RTP Player is able to play any codec supported by an installed plugin. The codecs supported by RTP Player depend on the version of Wireshark you're using. The official builds contain all of the plugins maintained by the Wireshark developers, but custom/distribution builds might not include some of those codecs. To check your Wireshark installation's installed codec plugins, do the following:
Wireshark can be used for RTP stream analysis. User can select one or more streams which can be played later. RTP Player window maintains playlist (list of RTP streams) for this purpose.
Playlist is created empty when RTP Player window is opened and destroyed when window is closed. RTP Player window can be opened on background when not needed and put to front later. During its live, playlist is maintained.
When RTP Player window is opened, playlist can be modified from other tools (Wireshark windows) in three ways:
* button menu:Play Streams[Set playlist] clears existing playlist and adds streams selected in the tool.
* button menu:Play Streams[Add to playlist] adds streams selected in the tool to playlist. Duplicated streams are not inserted again.
* button menu:Play Streams[Remove from playlist] removes streams selected in the tool from playlist, if they are in the playlist.
.btn:[Play Streams] button with opened action menu
btn:[Play Streams] button can be clicked directly and opens RTP Player window directly with btn:[Set playlist] action.

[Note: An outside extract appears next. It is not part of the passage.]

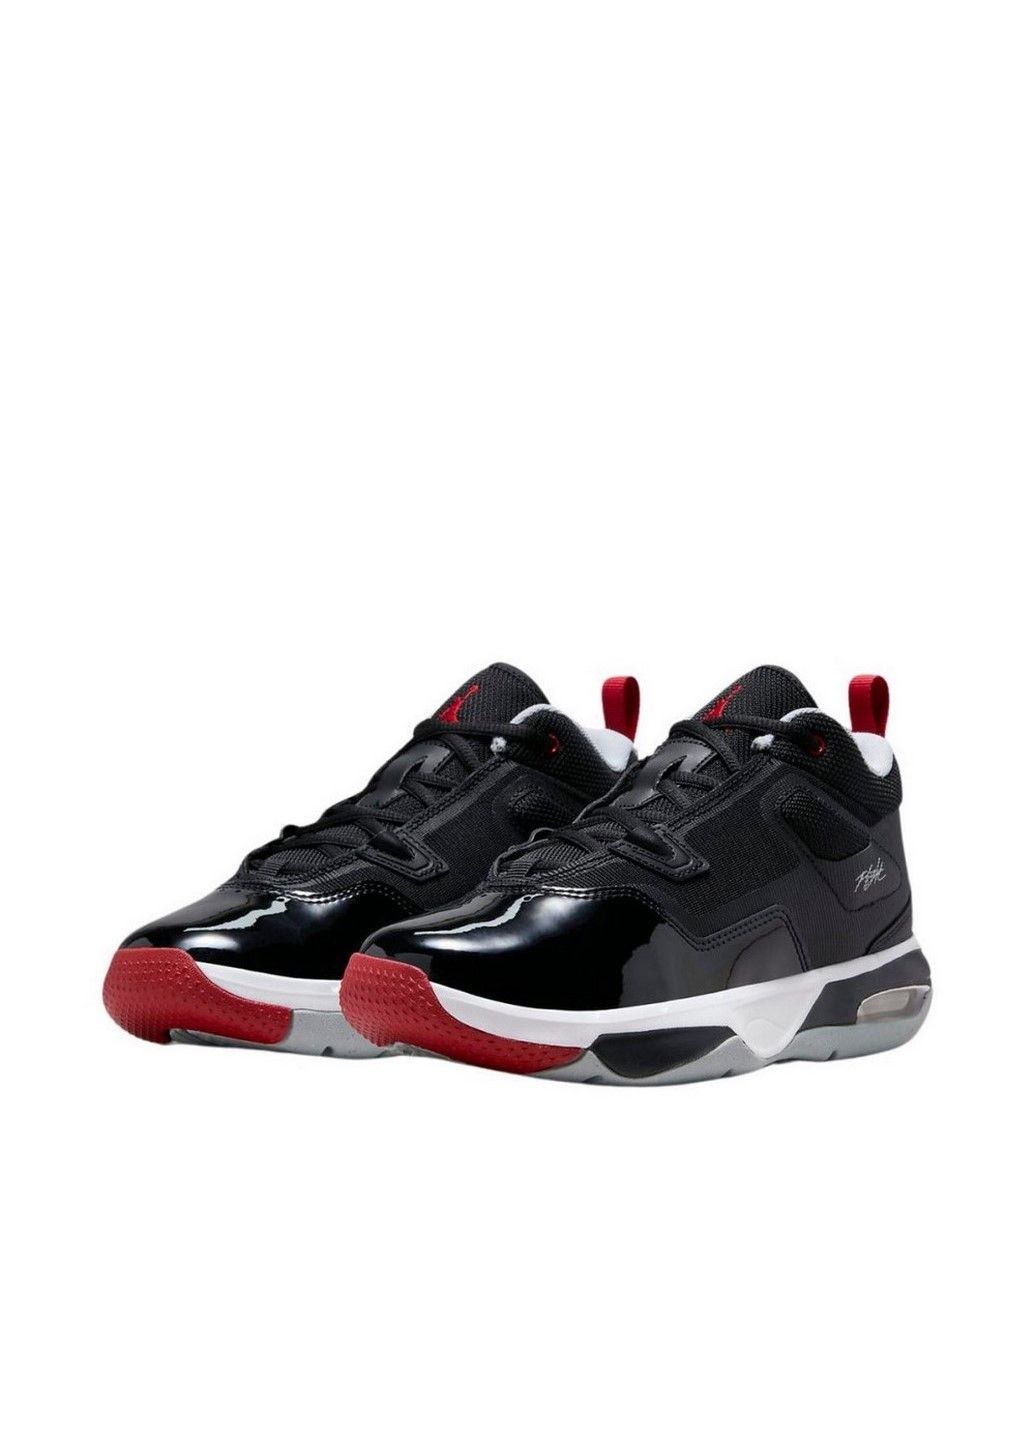 Чорні осінні кросівки stay loyal 3 (gs) fb9922-006 Jordan

All actions can be selected with the small down arrow next to the button.
When the playlist is empty, there is no difference between btn:[Set playlist] and btn:[Add to playlist]. When the RTP Player window is not opened, all three actions above open it.
btn:[Remove from playlist] is useful e.g. in case user selected all RTP streams and wants to remove RTP streams from specific calls found with menu:VoIPCalls[].
Tools below can be used to maintain content of playlist, they contain btn:[Play Streams] button. You can use one of procedures (Note: btn:[Add to playlist] action is demonstrated):
* Open menu:Telephony[RTP > RTP Streams] window, it will show all streams in the capture. Select one or more streams and then press btn:[Play Streams]. Selected streams are added to playlist.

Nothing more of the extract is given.